Work order = Without the pictures, copy all of the data exactly.

Data provided =
◆ ◆ ◆ ◆
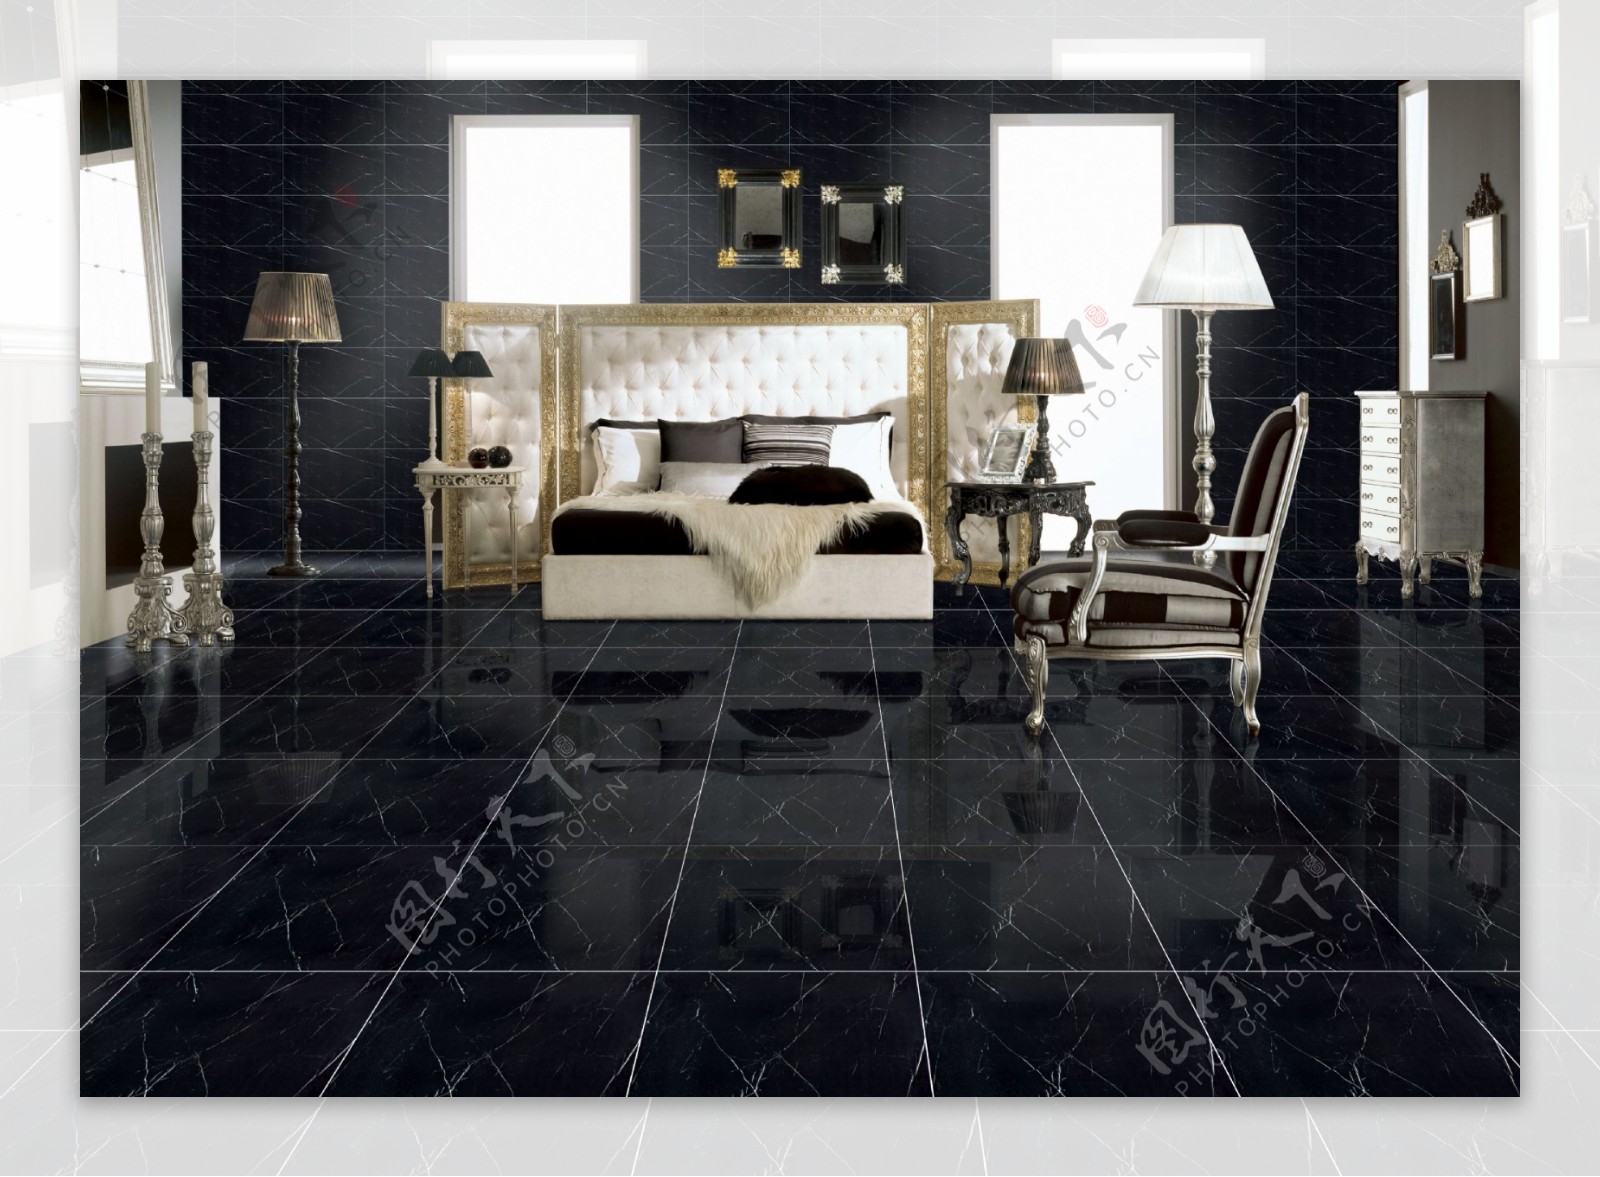 黑色磁砖效果图卧室图片
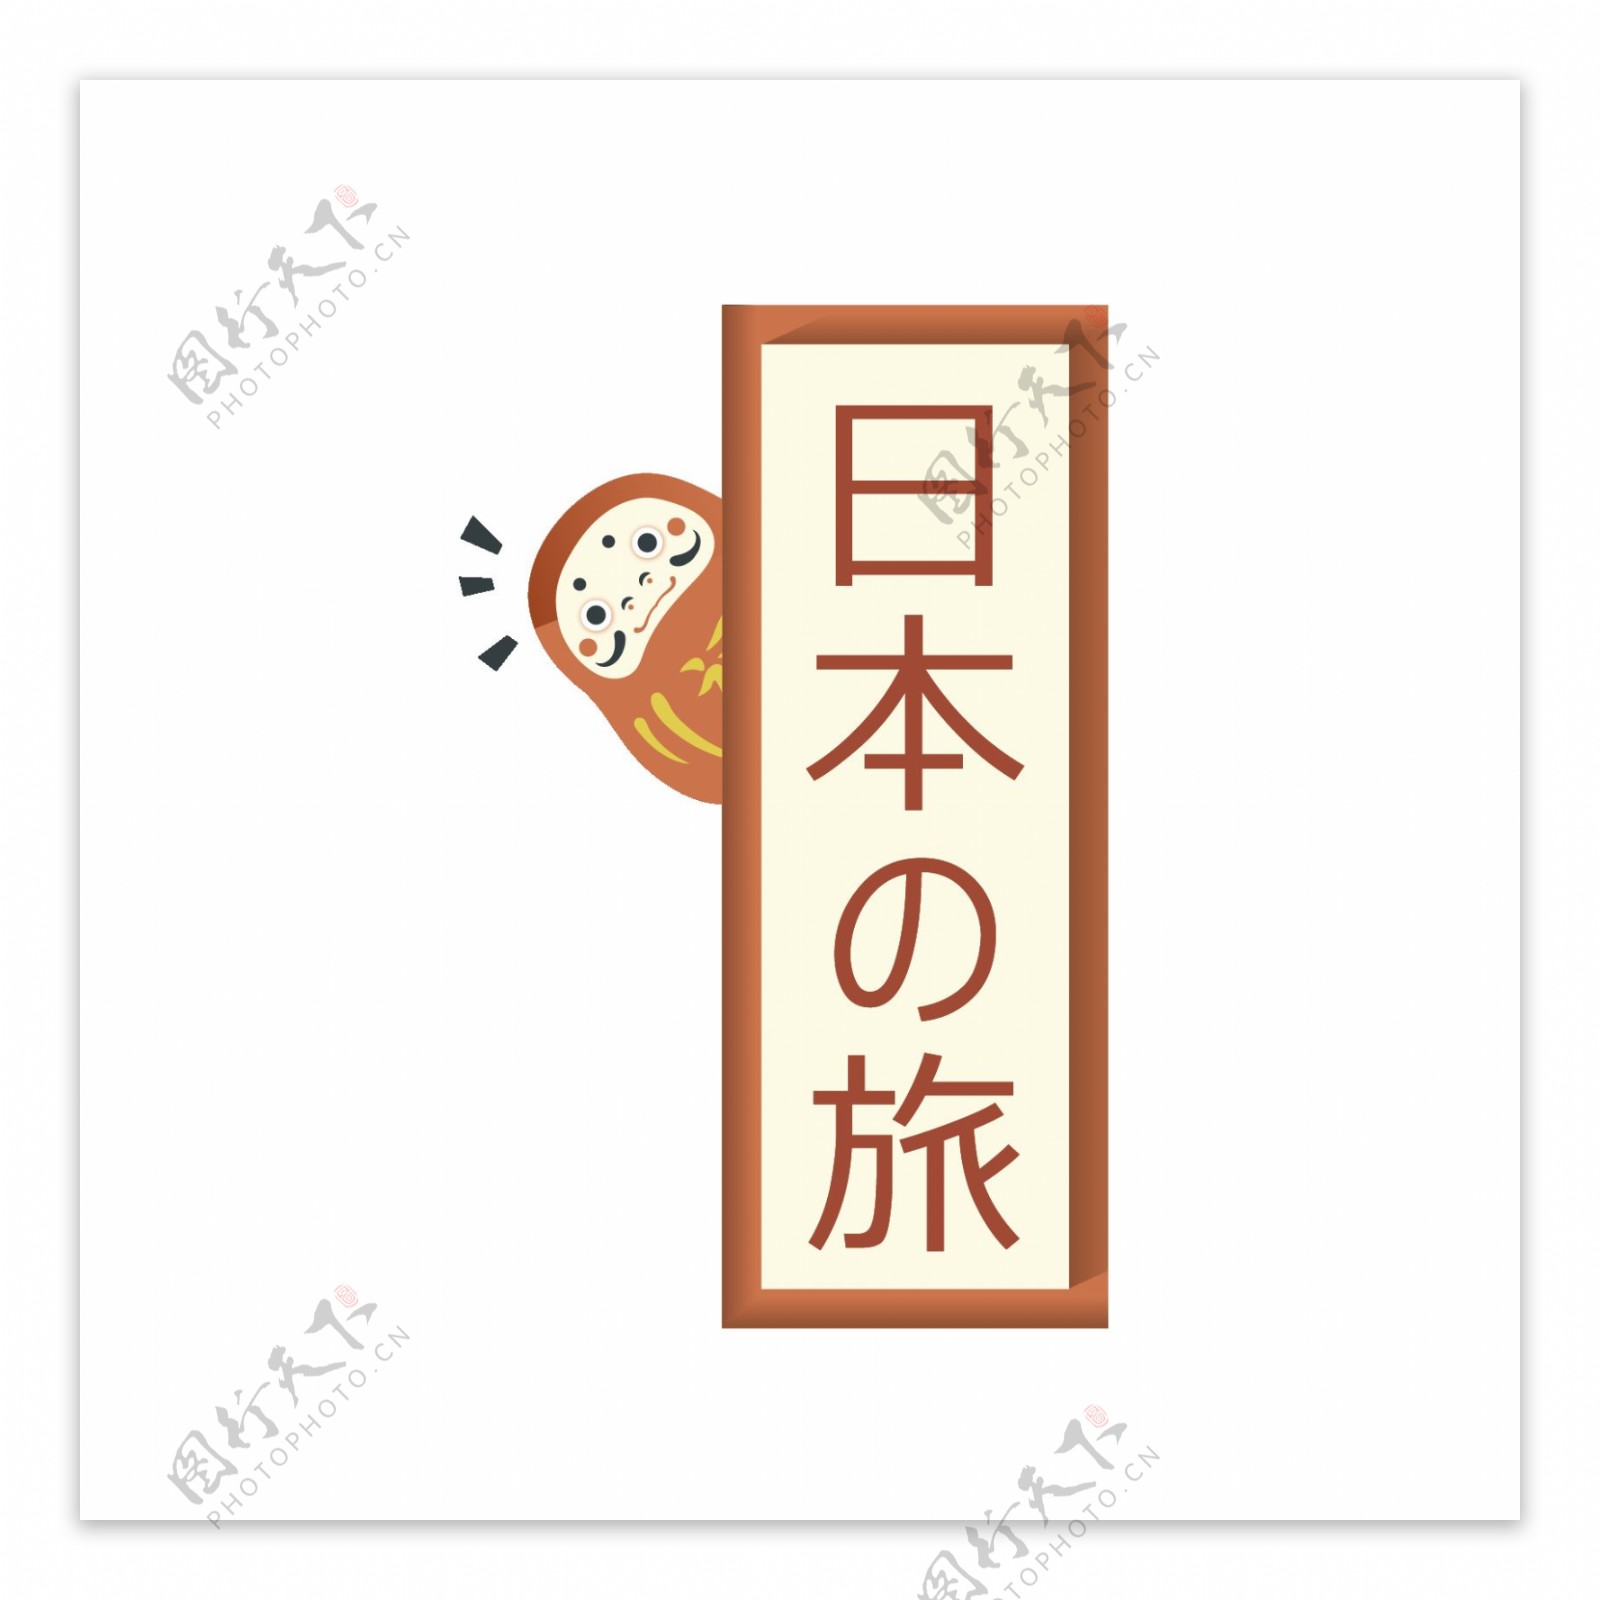 清新简约土黄色字体日本旅游装饰元素
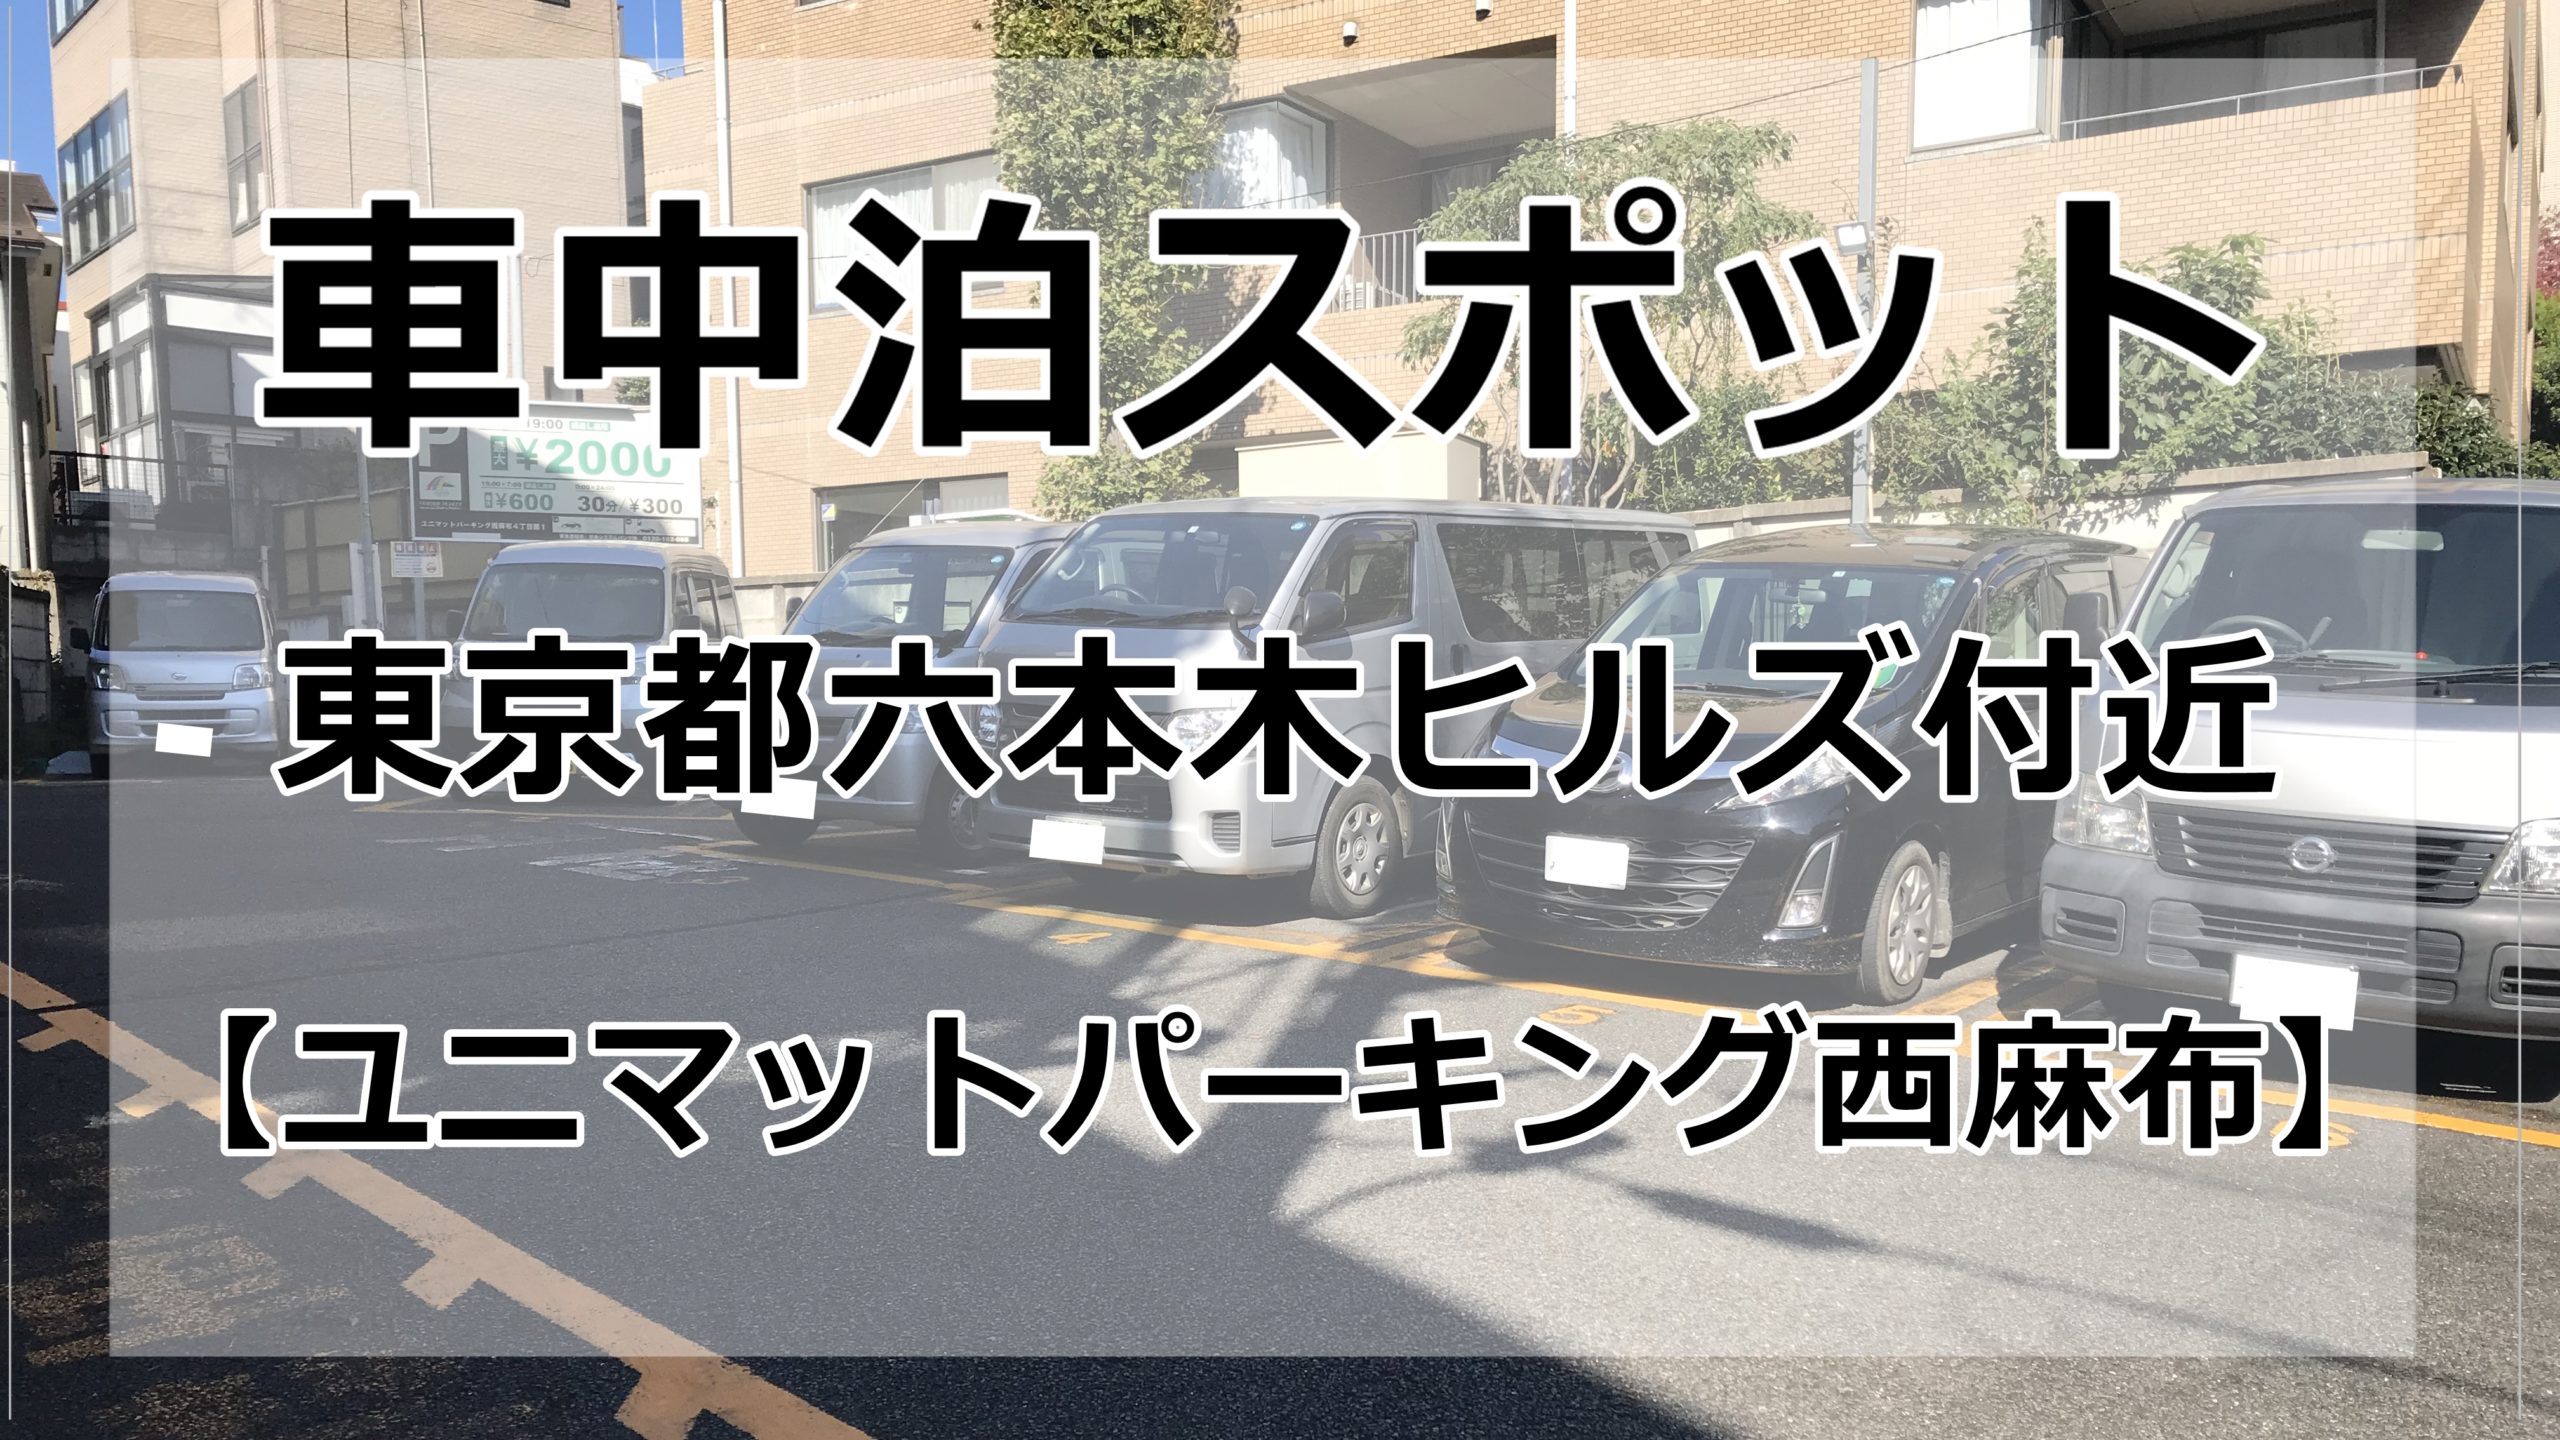 六本木付近 東京都内で車中泊でき 安い料金の駐車場をご紹介 ブログ 車中泊女子 初心者向けバンライフブログ
◆ ◆ ◆ ◆
Result of the exercise =
 黑色磁砖效果图卧室图片
 清新简约土黄色字体日本旅游装饰元素
 六本木付近 東京都内で車中泊でき 安い料金の駐車場をご紹介 ブログ 車中泊女子 初心者向けバンライフブログ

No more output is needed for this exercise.